Download or read book The Other California written by Verónica Castillo-Muñoz and published by Univ of California Press. This book was released on 2017 with total page 186 pages. Available in PDF, EPUB and Kindle. Book excerpt: Introduction: the Mexican borderlands -- Building the Mexican borderlands -- The making of Baja California's multicultural society -- Revolution, labor unions, and early movements for land reform in Baja California 1910-1930 -- "Land and liberty": conflict, land reform, and repatriation in the Mexicali Valley, 1930-1940 -- Mexicali's exceptionalism -- Conclusion: the "all Mexican" train

Book Crossing the Kingdom

    Book Details:
  • Author : Loring M. Danforth
  • Publisher : Univ of California Press
  • Release : 2016-03-29
  • ISBN : 0520964519
  • Pages : 290 pages

Download or read book Crossing the Kingdom written by Loring M. Danforth and published by Univ of California Press. This book was released on 2016-03-29 with total page 290 pages. Available in PDF, EPUB and Kindle. Book excerpt: For many people, the Kingdom of Saudi Arabia evokes images of deserts, camels, and oil, along with rich sheikh in white robes, oppressed women in black veils, and terrorists. But when Loring Danforth traveled through the country in 2012, he found a world much more complex and inspiring than he could have ever imagined. With vivid descriptions and moving personal narratives, Danforth takes us across the Kingdom, from the headquarters of Saudi Aramco, the country’s national oil company on the Persian Gulf, to the centuries-old city of Jeddah on the Red Sea coast with its population of undocumented immigrants from all over the Muslim world. He presents detailed portraits of a young woman jailed for protesting the ban on women driving, a Sufi scholar encouraging Muslims and Christians to struggle together with love to know God, and an artist citing the Quran and using metal gears and chains to celebrate the diversity of the pilgrims who come to Mecca. Crossing the Kingdom paints a lucid portrait of contemporary Saudi culture and the lives of individuals, who like us all grapple with modernity at the dawn of the twenty-first century.

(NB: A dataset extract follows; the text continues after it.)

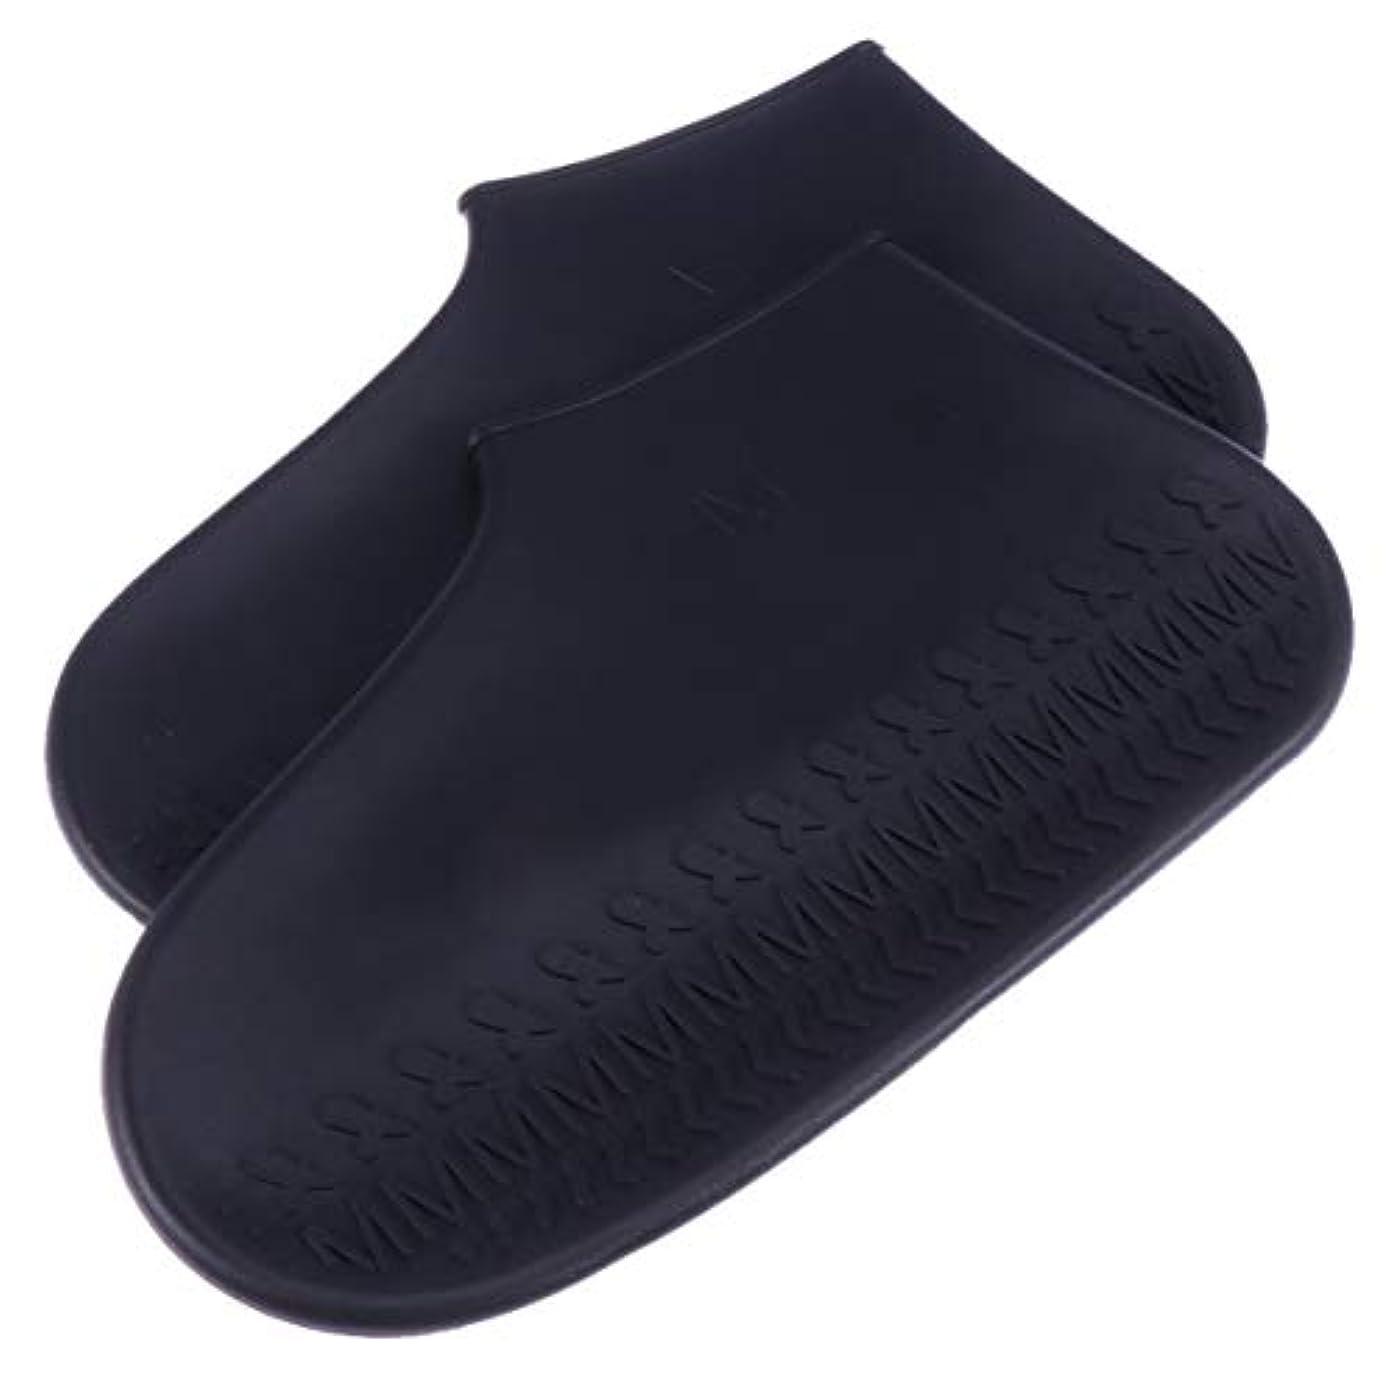 目指す中国満了Healifty シューズカバー 防水 靴カバー 滑り止め 耐摩耗 携帯便利 梅雨対策 男女兼用

Book Fresh Fruit  Broken Bodies

Download or read book Fresh Fruit Broken Bodies written by Seth M. Holmes and published by Univ of California Press. This book was released on 2023-11-28 with total page 323 pages. Available in PDF, EPUB and Kindle. Book excerpt: Fresh Fruit, Broken Bodies provides an intimate examination of the everyday lives, suffering, and resistance of Mexican migrants in our contemporary food system. Seth Holmes, an anthropologist and MD in the mold of Paul Farmer and Didier Fassin, shows how market forces, anti-immigrant sentiment, and racism undermine health and health care. Holmes was invited to trek with his companions clandestinely through the desert into Arizona and was jailed with them before they were deported. He lived with Indigenous families in the mountains of Oaxaca and in farm labor camps in the United States, planted and harvested corn, picked strawberries, and accompanied sick workers to clinics and hospitals. This “embodied anthropology” deepens our theoretical understanding of the ways in which social inequities come to be perceived as normal and natural in society and in health care. In a substantive new epilogue, Holmes and Indigenous Oaxacan scholar Jorge Ramirez-Lopez provide a current examination of the challenges facing farmworkers and the lives and resistance of the protagonists featured in the book.